Sean Anderson seanga2 at gmail.com
Tue Sep 1 16:38:04 CEST 2020


On 9/1/20 7:23 AM, Heinrich Schuchardt wrote:
> On 01.09.20 13:14, Sean Anderson wrote:
>> On 9/1/20 6:51 AM, Heinrich Schuchardt wrote:
>>> When resetting the sipeed_maix_bitm_defconfig without the patch I see a
>>> crash:
>>>
>>> => reset
>>> resetting ...
>>> Unhandled exception: Illegal instruction
>>> EPC: 0000000000000000 RA: 000000008000021a TVAL: 00000002d947c509
>>> ### ERROR ### Please RESET the board ###
>>
>> Hm, interesting. I don't see that error. What commit are you testing with?
> 
> origin/master 23e333a5c083a000d0cabc
> 
> sipeed_maix_bitm_defconfig plus
> 
>     CONFIG_DEBUG_UART=y
>     CONFIG_DEBUG_UART_SIFIVE=y
>     CONFIG_DEBUG_UART_BASE=0x38000000
>     CONFIG_DEBUG_UART_CLOCK=390000000
> 
> on a Maixduino.

Ok, I can reproduce that crash, but only with the debug uart enabled. I
suspect it happens every time, but we only get an error with the debug
uart. I enabled CONFIG_SHOW_REGS, but there was some interference
between the output and the (next) instance of U-Boot. 

> 
> Best regards
> 
> Heinrich
>>
>>>
>>> Objdump shows that it is related to the secondary_hart_loop:
>>>
>>>         j       secondary_hart_loop
>>>     8000021a:   b7ed                    j       80000204
>>> <secondary_hart_loop>

It is actually related to the previous instruction

80000216:   56e000ef                jal     ra,80000784 <handle_ipi>

secondary_hart_loop is never reached because handle_ipi jumps to 0x0.

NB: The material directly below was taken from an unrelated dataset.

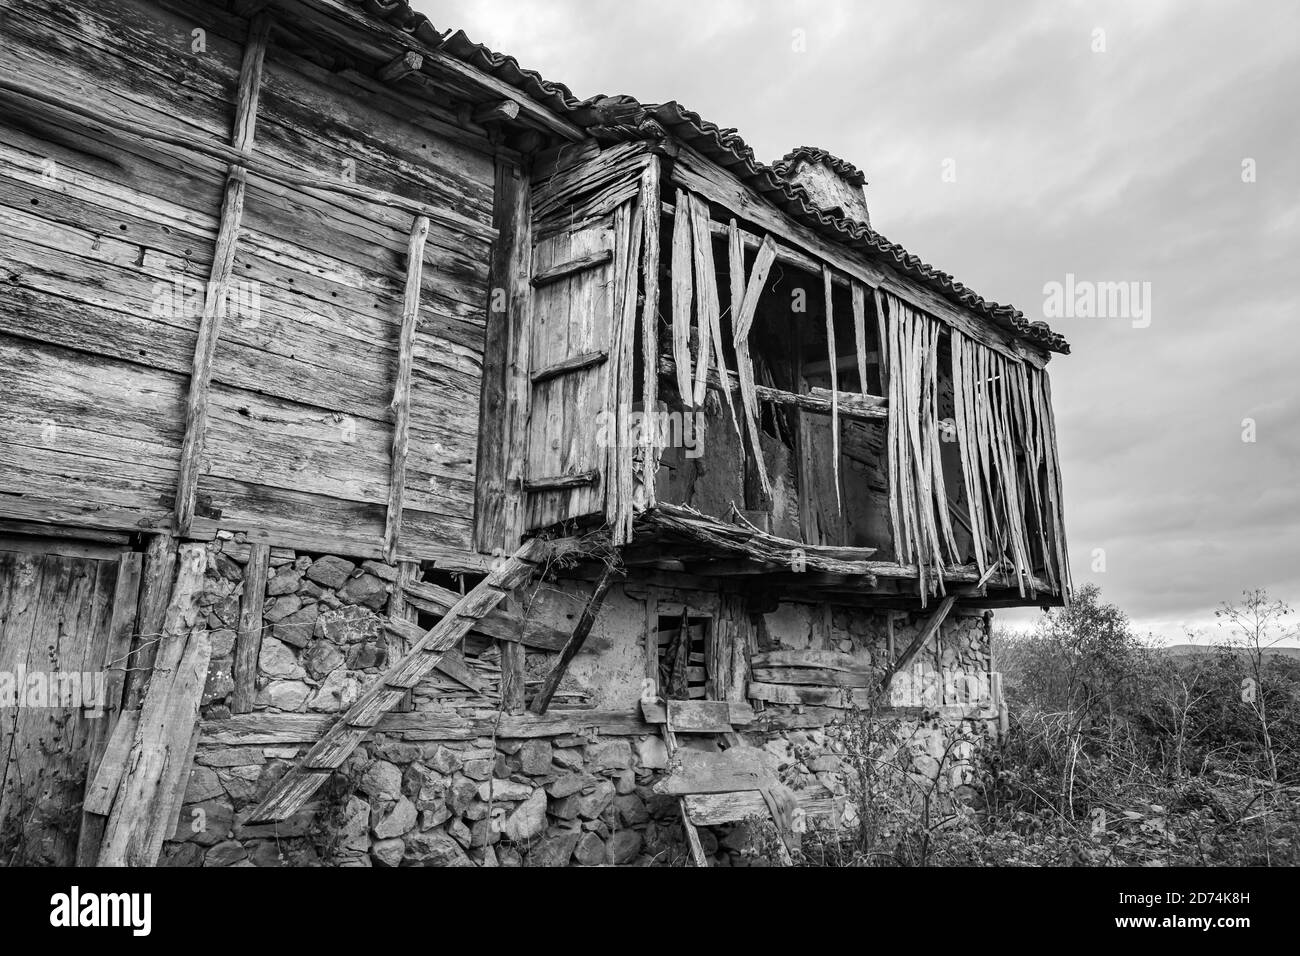 Fotografia di viaggio in bianco e nero, vista parziale della vecchia casa abbandonata, paesaggio rurale, montagna Strandzha, Bulgaria, tavole di legno facciata. Foto Stock

I decided to do a bit more experimentation with the following patch

diff --git i/arch/riscv/lib/smp.c w/arch/riscv/lib/smp.c
index ac22136314..8be320f6ae 100644
--- i/arch/riscv/lib/smp.c
+++ w/arch/riscv/lib/smp.c
@@ -54,6 +54,10 @@ static int send_ipi_many(struct ipi_data *ipi, int wait)
                gd->arch.ipi[reg].arg0 = ipi->arg0;
                gd->arch.ipi[reg].arg1 = ipi->arg1;
 
+               printf("sending %lx(%lx, %lx) to hart %u\n", ipi->addr,
+                      ipi->arg0, ipi->arg1, reg);
+
+               __smp_mb();
                ret = riscv_send_ipi(reg);
                if (ret) {
                        pr_err("Cannot send IPI to hart %d\n", reg);
@@ -77,15 +81,23 @@ void handle_ipi(ulong hart)
 {
        int ret;
        void (*smp_function)(ulong hart, ulong arg0, ulong arg1);
+       int ipi;
 
        if (hart >= CONFIG_NR_CPUS)
                return;
+       riscv_get_ipi(hart, &ipi);
 
        __smp_mb();
 
        smp_function = (void (*)(ulong, ulong, ulong))gd->arch.ipi[hart].addr;
        invalidate_icache_all();
 
+       printf("calling %p(%lx, %lx) on hart %lu, ipi = %d\n", smp_function,
+              gd->arch.ipi[hart].arg0, gd->arch.ipi[hart].arg1, hart, ipi);
+
+       if (!ipi)
+               return;
+
        /*
         * Clear the IPI to acknowledge the request before jumping to the
         * requested function.

With this patch I get the following output

=> reset
resetting ...
calling 0000000000000000(0, 0) on hart 1, ipi = 0
calling 0000000000000000(0, 0) on hart 1, ipi = 0
calling 0000000000000000(0, 0) on hart 1, ipi = 0
calling 0000000000000000(0, 0) on hart 1, ipi = 0
calling 0000000000000000(0, 0) on hart 1, ipi = 1


U-Boot 2020.10-rc3-00033-g23e333a5c0-dirty (Sep 01 2020 - 09:55:43 -0400)

DRAM:  8 MiB
sending 805cc1fa(80589040, 8058cdd0) to hart 1
In:    serial at 38000000
Out:   serial at 38000000
Err:   serial at 38000000
=>

There is no "calling" line after the "sending" line because hart 1 is
hung from jumping to 0x0.

>From this log, it is clear that something other than smp_call_function
is sending an ipi, and, further, that there is a delay between when the
IRQ_M_SOFT bit is asserted and when the clint has a pending interrupt.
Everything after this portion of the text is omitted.